User reviews confirm that the ABH12 comfortably accommodates 1.5 kg of rice with 2 kg of chicken — yielding approximately 50–60 servings. The 12-litre capacity with the 2/3 fill rule means approximately 8 litres of usable cooking space — enough for the layered rice, meat, and marinade of a large-scale biryani without overfilling and risking an overflow during dum cooking.
Yes. The polished hard anodised interior of the ABH12 is specifically noted as compatible with metal ladles. The hard anodised surface is harder than stainless steel and durable enough to withstand metal utensil contact. This distinguishes the ABH12 from the NBH12 (nonstick) version, where metal ladles should be avoided to protect the coating.

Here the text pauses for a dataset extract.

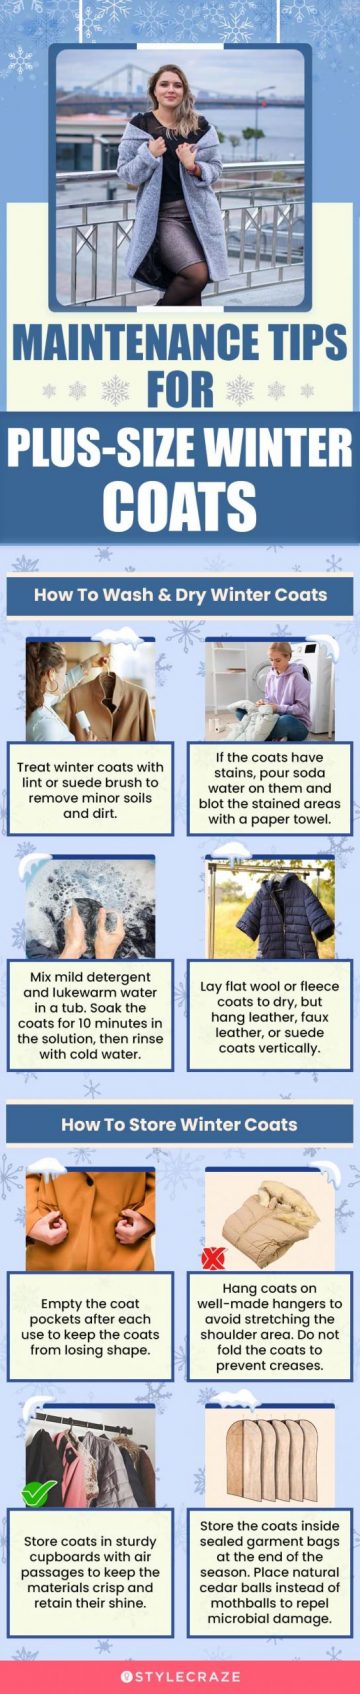 Maintenance Tips For Plus-Size Winter Coats (infographic)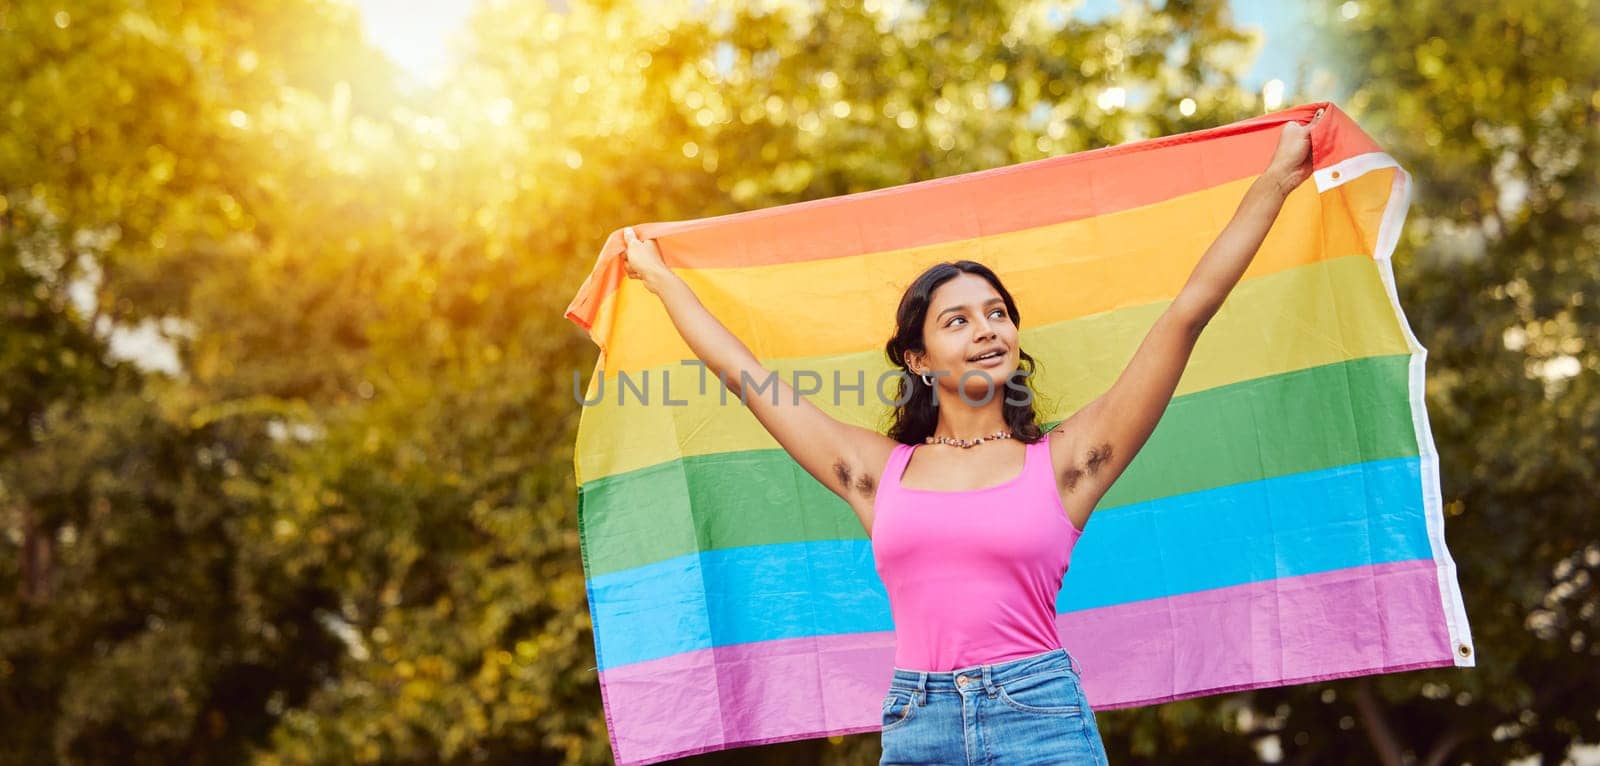 Love, nature and woman with pride flag, smile happy non binary lifestyle of freedom, peace and equality in Brazil. Trees, sun and summer fun for happy woman in lgbt community with flag for gay pride

Allow the handi to cool completely before washing. Hand wash with warm water and mild dish soap using a soft cloth or sponge. For any rice or spice residue stuck at the base, soak in warm soapy water for 15–20 minutes before cleaning — the hard anodised surface releases food residue easily with a gentle soak. Avoid steel wool or abrasive scrubbers on the hard anodised surface. Do not put in a dishwasher.
Yes. The ABH12's hard anodised finish is elegant and professional-looking — it is designed to move directly from the cooktop to the dining table for serving. The reinforced fibreglass handles stay cool and provide a secure grip for carrying the handi to the table. Serving biryani directly from the cooking vessel retains heat, concentrates presentation, and reduces the number of vessels to clean after the meal.
The ABH12 carries a 5-year guarantee from the date of purchase from Hawkins Cookers Limited. For warranty service, contact Hawkins at service@hawkinscookers.com or (022) 24 440 807.
The Futura Bigboy Biryani Handi is available in 8 litre (ABH8/NBH8) and 12 litre (ABH12/NBH12) capacities — both available in polished hard anodised (ABH) and nonstick (NBH) variants. For smaller household biryani portions (4–6 persons), the Futura Cook n Serve Handi (ACH range) in 3.5L, 5L, and 7L sizes may be more appropriately sized.
Dum cooking is the final stage of biryani preparation where the pot is sealed and placed on a very low flame (or hot coals) so the ingredients cook slowly in their own trapped steam. This gentle, enclosed cooking allows the rice to fully absorb the spiced meat juices, creates the characteristic fluffy, separate grain texture, and develops the deep layered flavour that distinguishes dum biryani. The ABH12's unique lid design — which recirculates condensed steam back into the food — enhances this effect by creating a self-sustaining moisture cycle inside the vessel, producing more flavourful, evenly moist biryani than a conventional lid allows.